What is required | What is needed is an exact copy of every entry, without the pictures.

Input records |
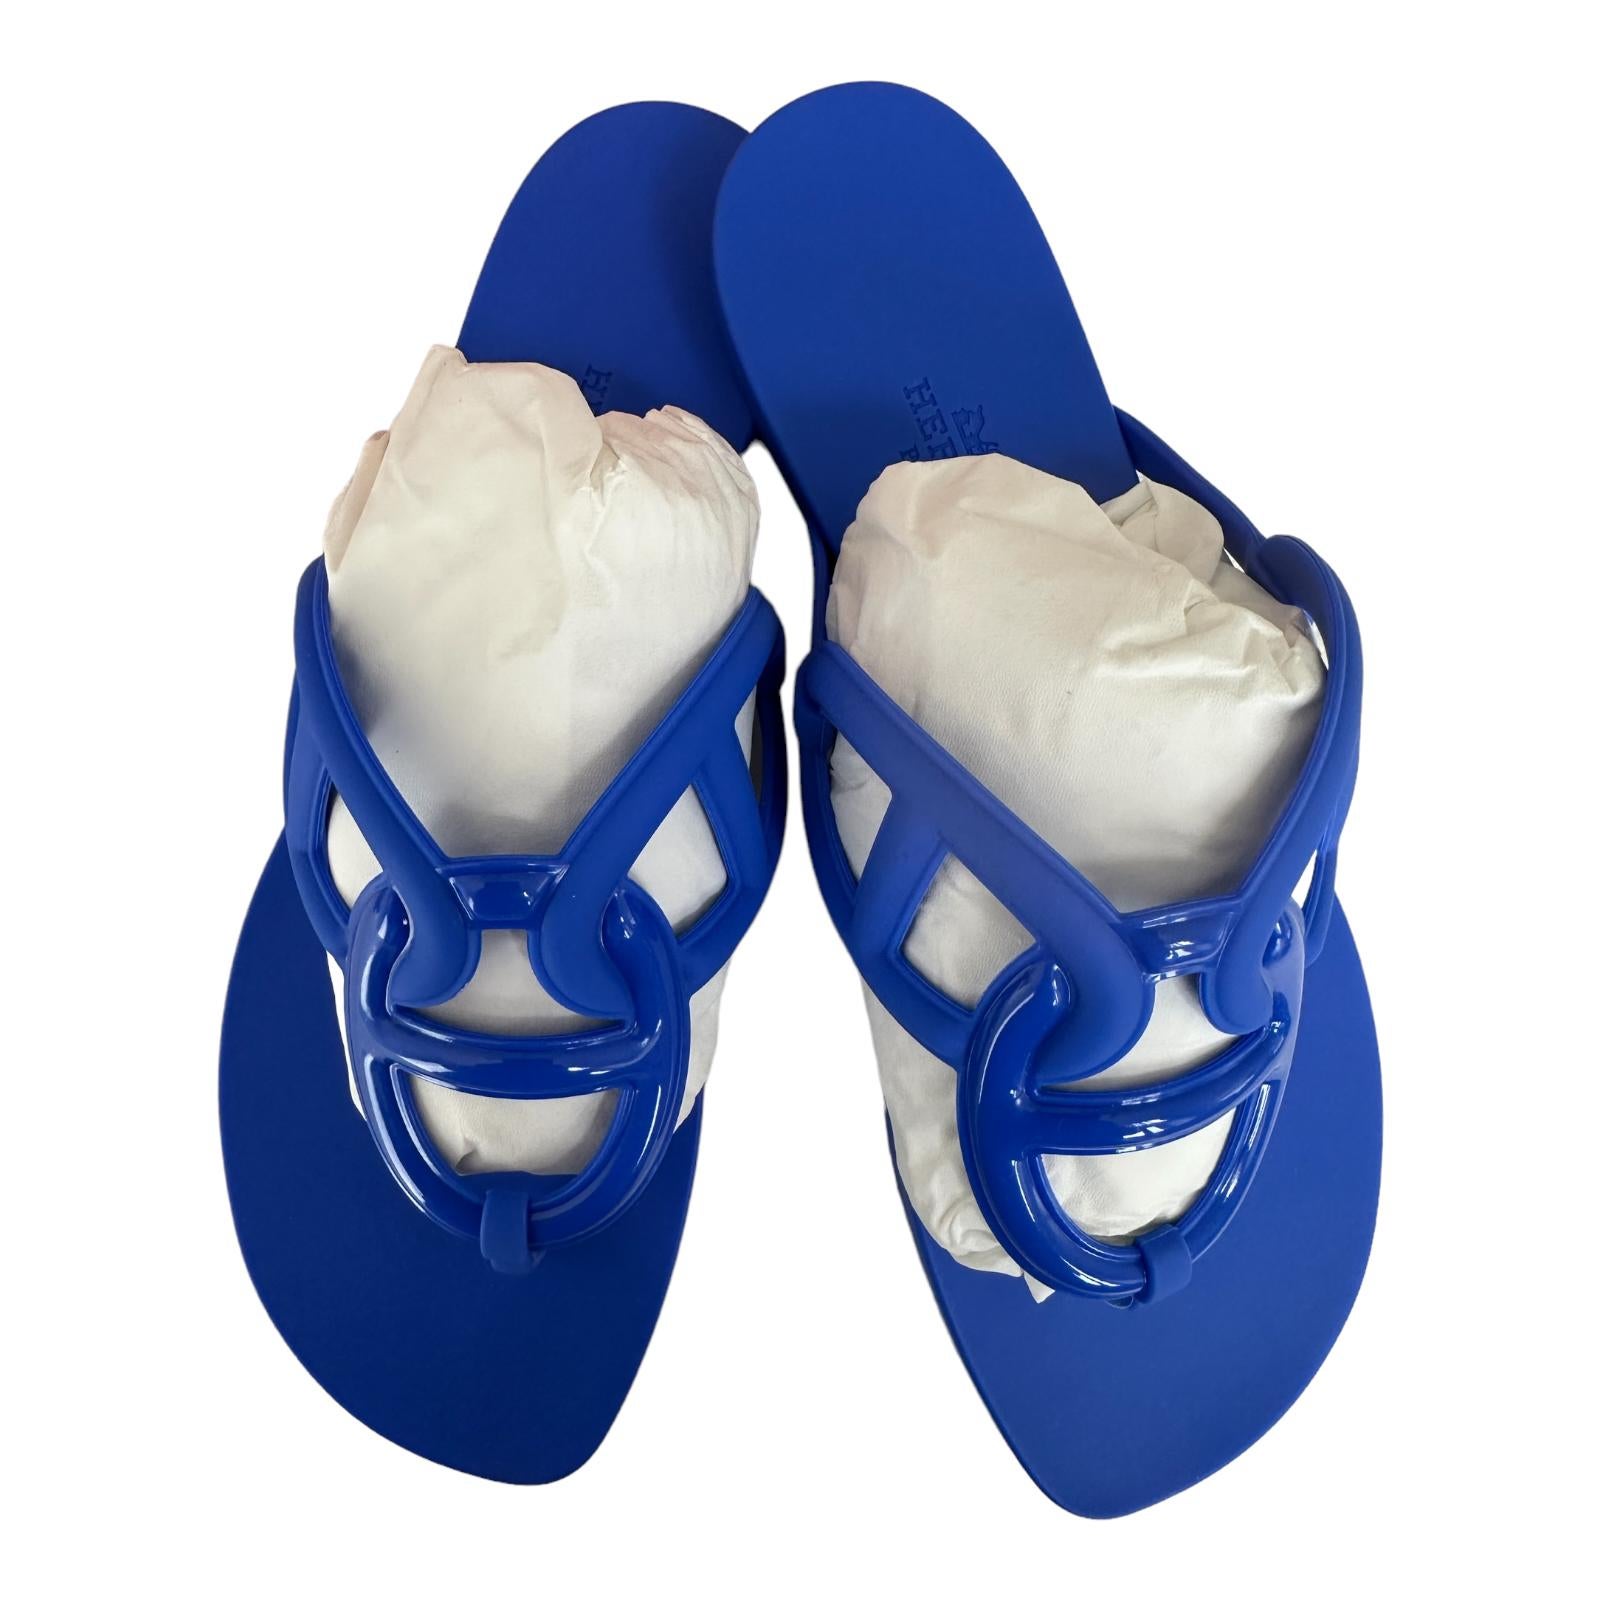 La sandale EgerieLa sandale Egerie
Chaine d'Ancre Motif
Bleu Outremer
Le prix de détail est de 325 $.
Un beau bleu vif
Sandale H en toile avec découpe emblématique du

Exercise result |
 La sandale EgerieLa sandale Egerie
Chaine d'Ancre Motif
Bleu Outremer
Le prix de détail est de 325 $.
Un beau bleu vif
Sandale H en toile avec découpe emblématique du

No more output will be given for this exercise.